Tre ragazzi non belli, non bravi, barcollanti dentro al loro equilibrio fragile e instabile, si mostrano non in costume di scena, ma vestiti così come capita, gli accostamenti di colore non azzeccati.
Ed è subito appartenenza con noi che guardiamo.
Ci fanno sorridere per le loro imprecisioni fisiche: il pelato troppo alto, il moro troppo magro, il biondo troppo basso. Come nei migliori film muti di Buster Keaton la scena vuota è abitata solo dal silenzio, a parlare solo la piena espressività dei loro corpi sbilenchi. Ci fanno sorridere ed emozionare con poco: un movimento degli occhi che si fa triste, malinconico, allegro, colmo di speranza.

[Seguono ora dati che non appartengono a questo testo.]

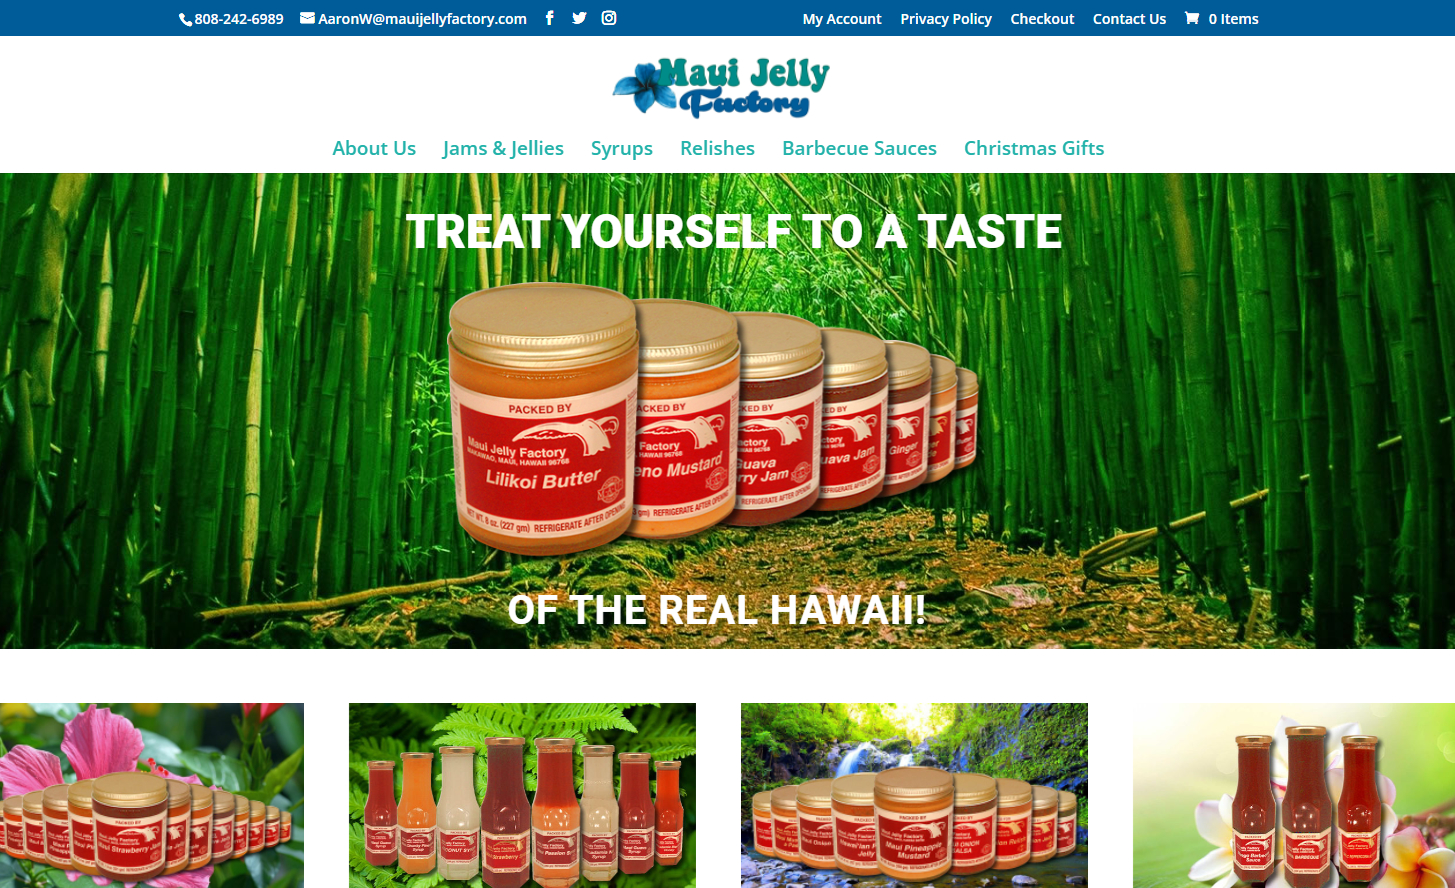 Maui Jelly Factory website, created by Maui Web Designs
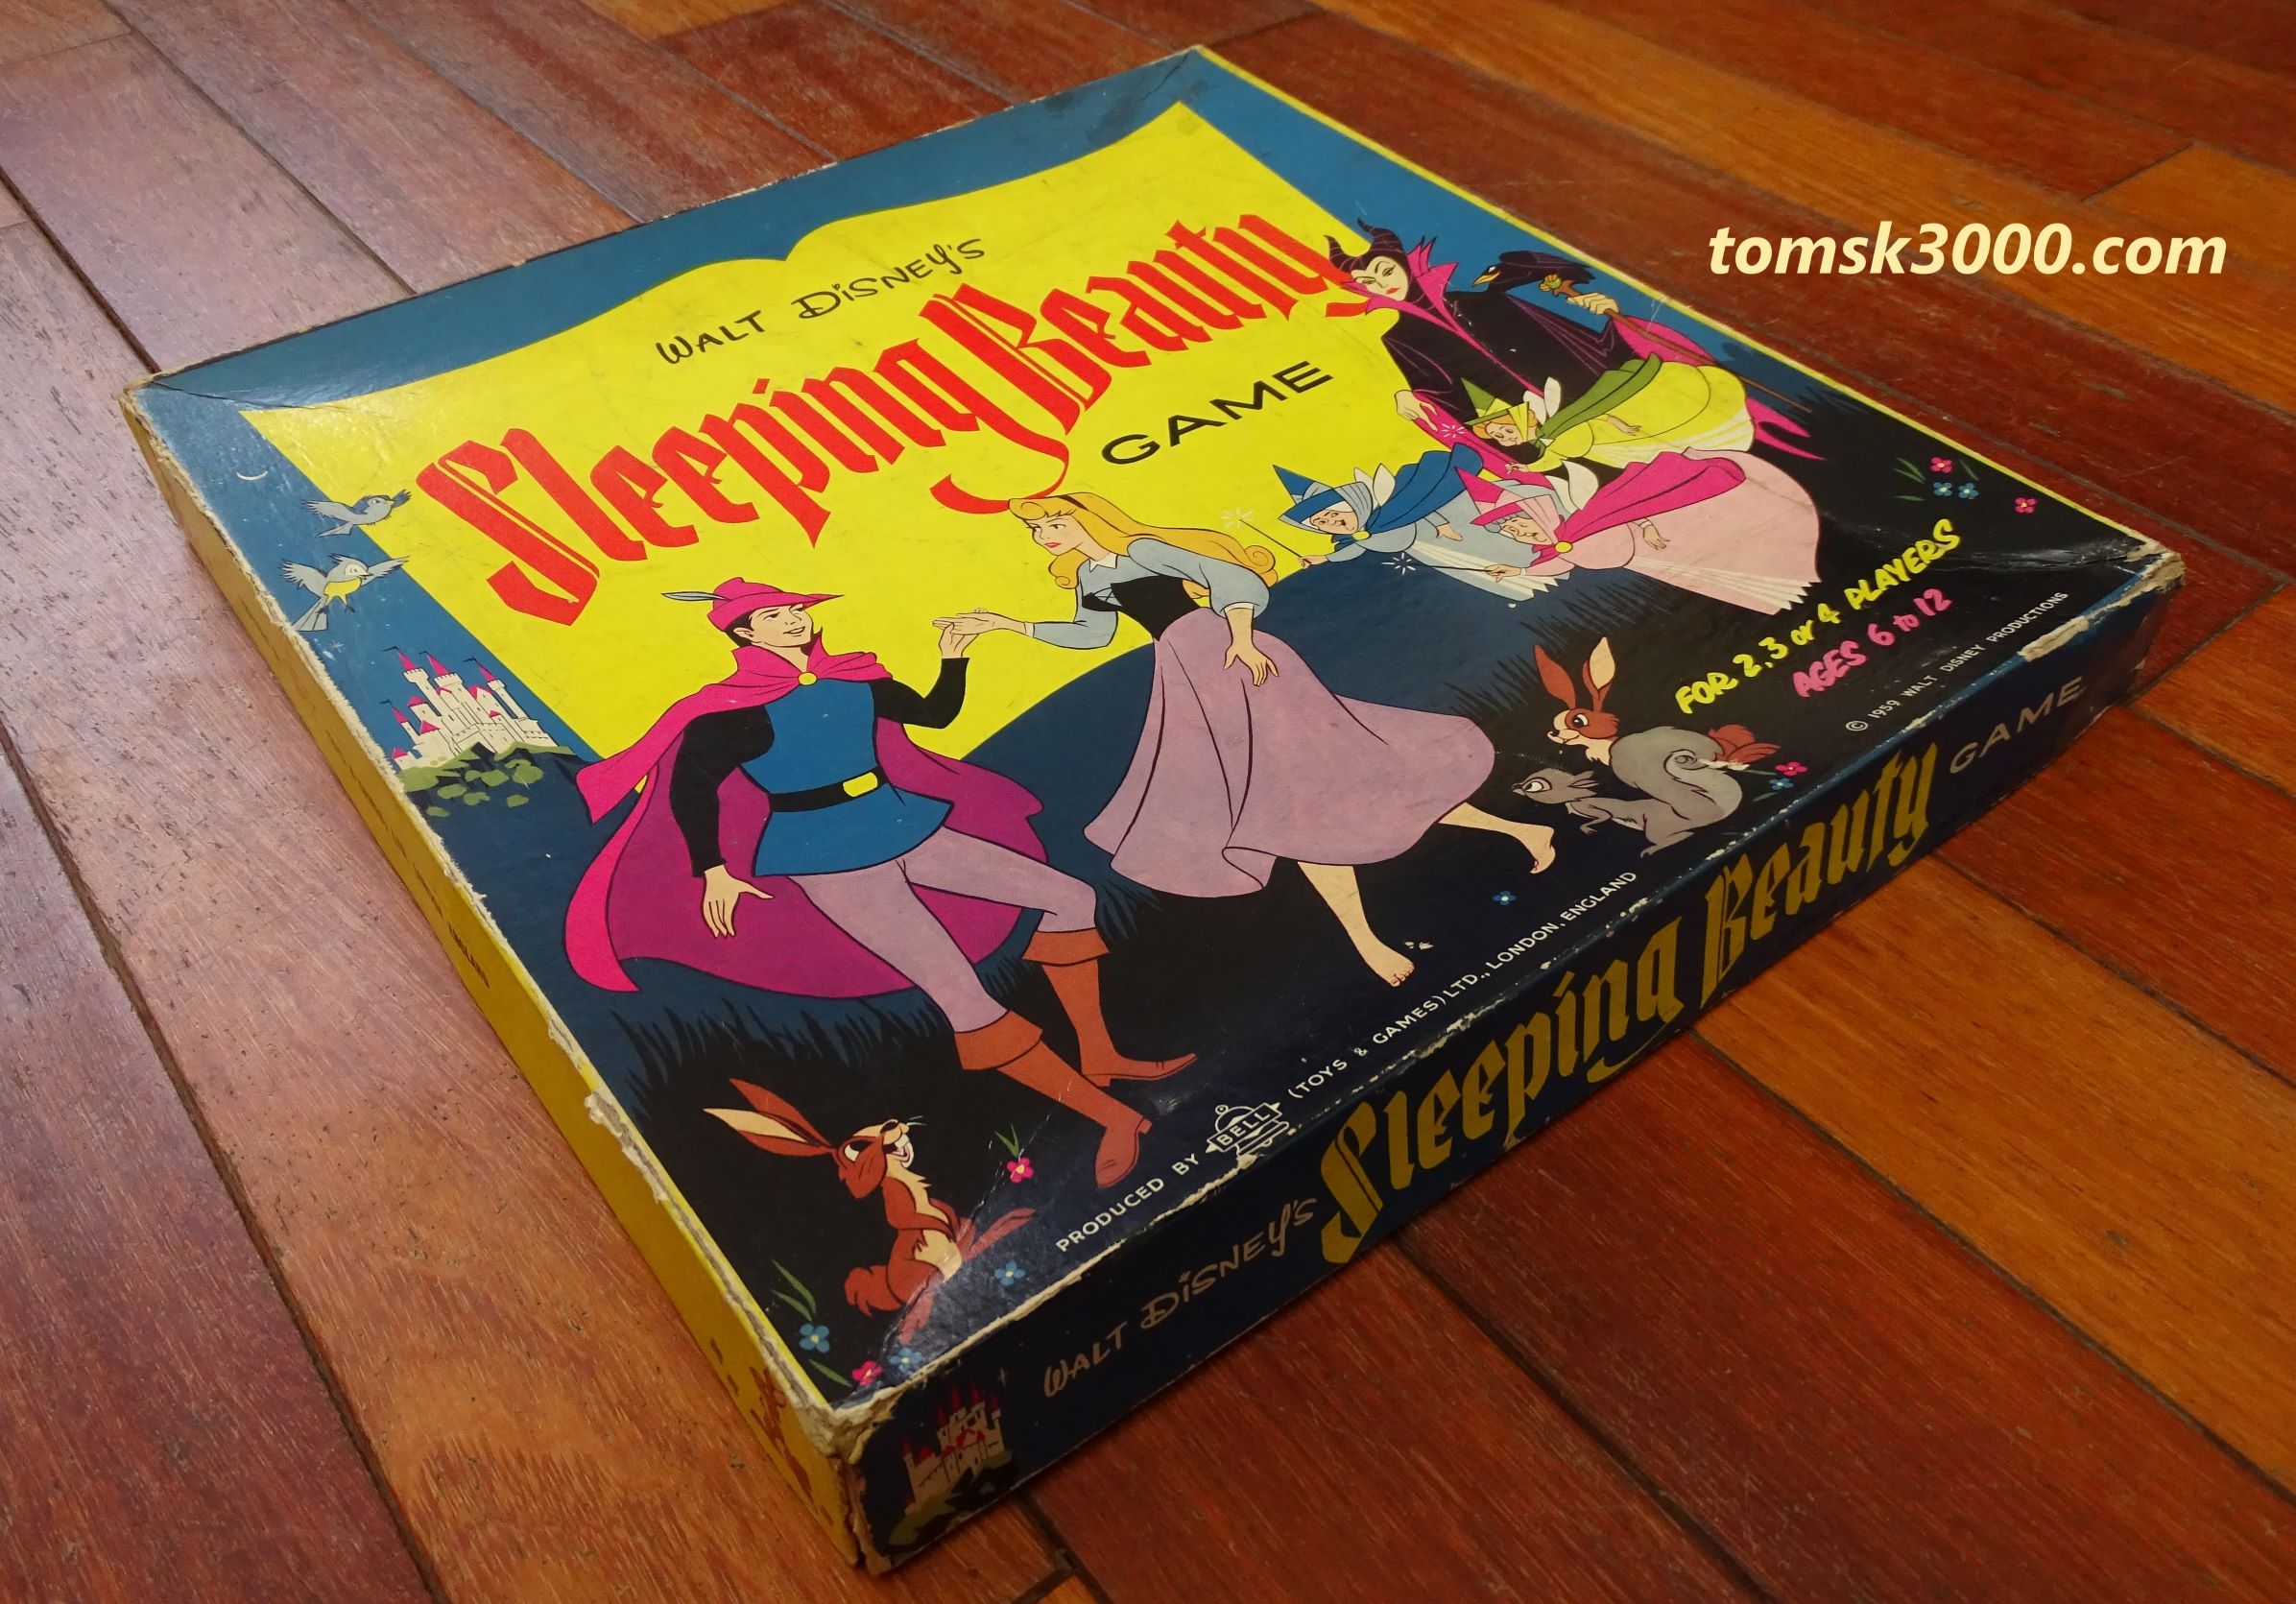 1959 Walt Disneys Sleeping Beauty Game By Bell Ltd London England Tomsk3000

Se le abilità di Keaton, che gli erano valse il soprannome di “rompicollo”, rientravano negli esercizi tecnicamente difficili e pericolosi, altrettanto non si può dire per i tre danzatori di Sans portati in scena dalla coreografa francese Martine Pisani ospite sabato a Deficit!. Di continuo sul filo del gioco irriverente e dell’ironica idiozia, svincolano dagli artifici scenici scoprendo la loro umanità più disarmante nel lungo sguardo al pubblico, in uno svelamento senza difesa, che fa sorridere ma che commuove anche chi si nascondeva rassicurato e seduto sugli spalti a guardare. Un varietè leggero, senza pretese di consensualità o concettualità, che rivela il suo segno più profondo proprio in quel corpo democratico e alla mano, disarmato e vulnerabile. Allenato alla mobilità e all’attraversamento, semplice, frivolo e sensibile, il corpo premonisce una realtà all’apparenza sempre uguale a se stessa, ma in verità ricolma di impercettibili cambiamenti di ritmo e colori di magliette. Quasi come il teatro che in questi anni si è visto all’oggi Deficit! che fu non io, corpo sottile, dooing.